## [RECORDS PROVIDED]

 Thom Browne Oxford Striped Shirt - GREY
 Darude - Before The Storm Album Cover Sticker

---

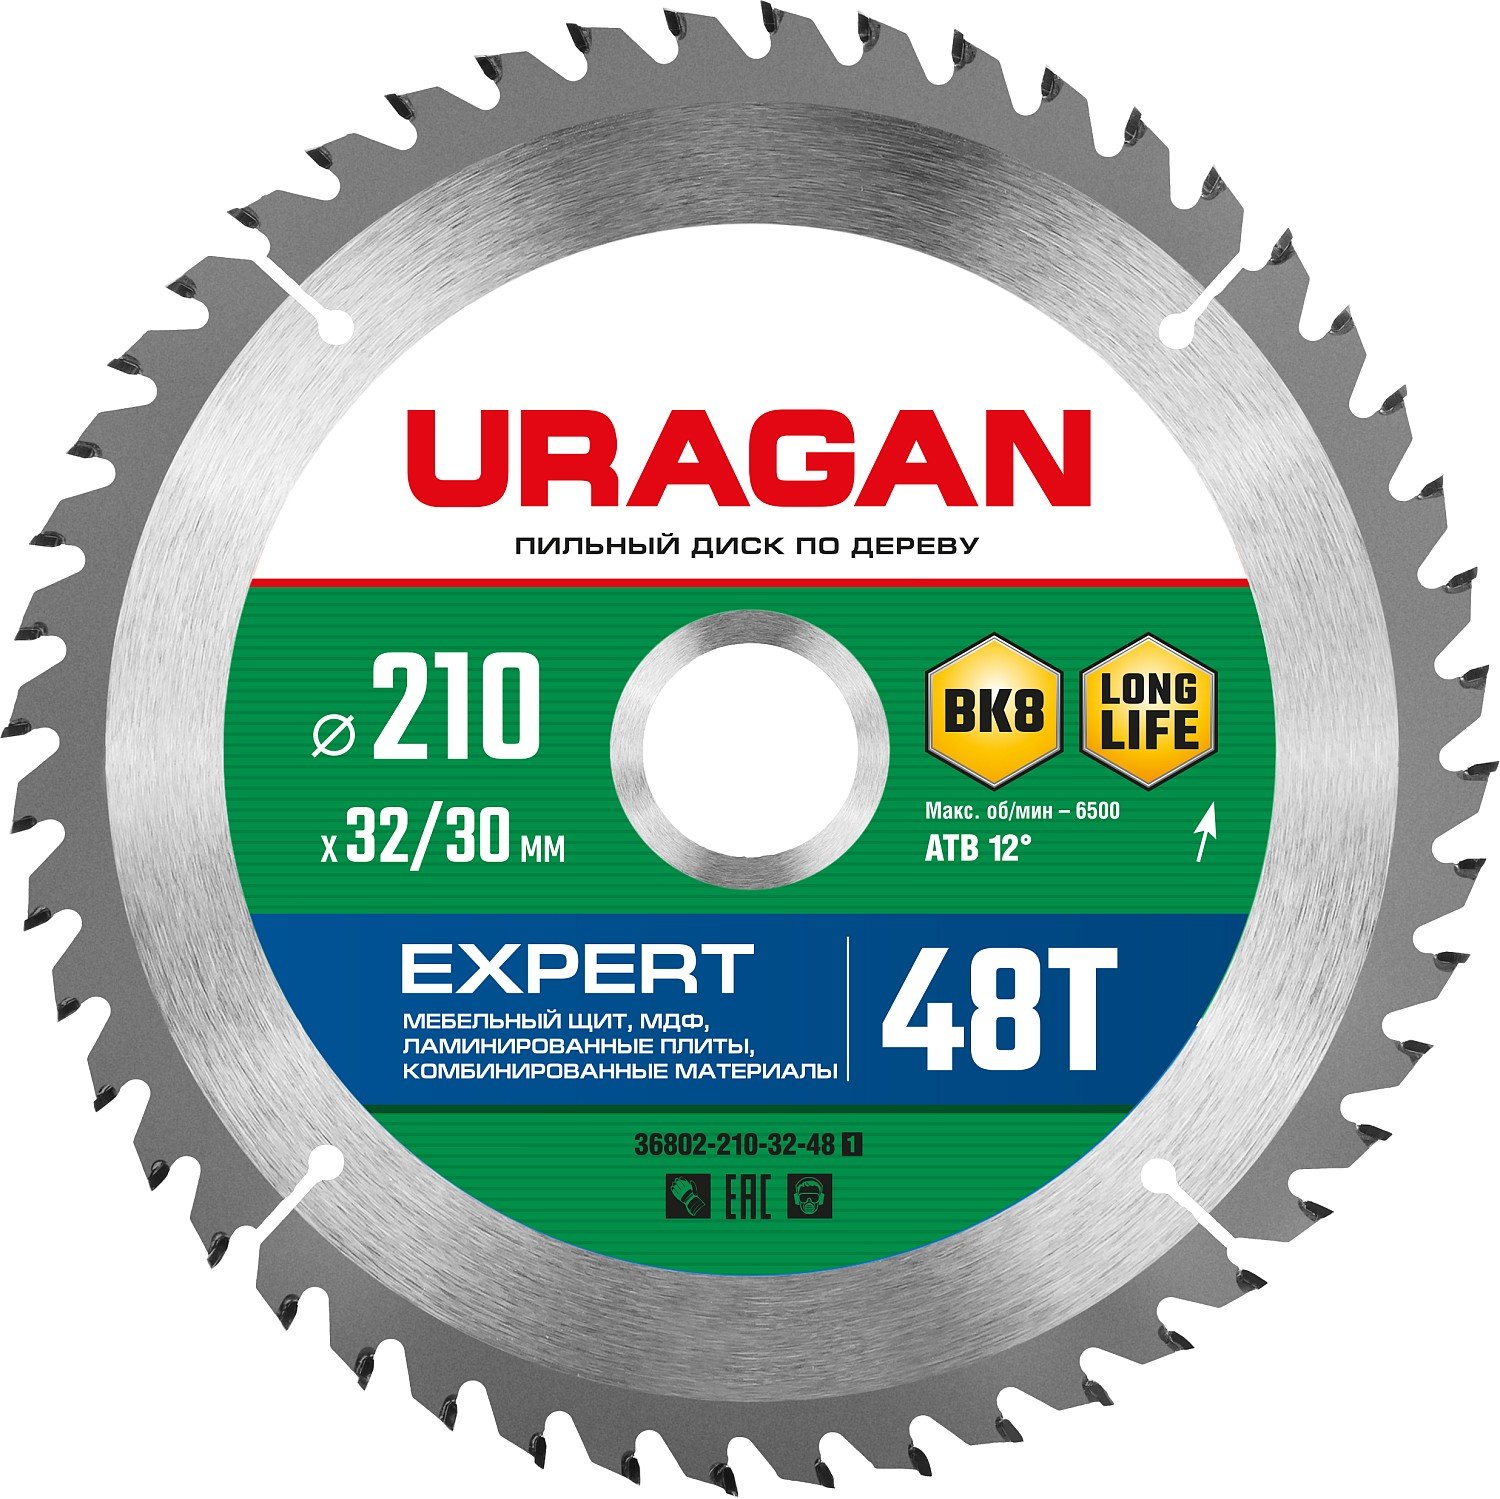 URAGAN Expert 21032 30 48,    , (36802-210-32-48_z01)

## [WHAT YOU ARE ASKED TO DO]
Output the lines above between the one holding "Thom Browne Oxford Striped Shirt - GREY" and the one holding "Darude - Before", inclusive, with nothing before or after them.

## [SOLUTION TO THIS TASK]
 Thom Browne Oxford Striped Shirt - GREY
 Darude - Before The Storm Album Cover Sticker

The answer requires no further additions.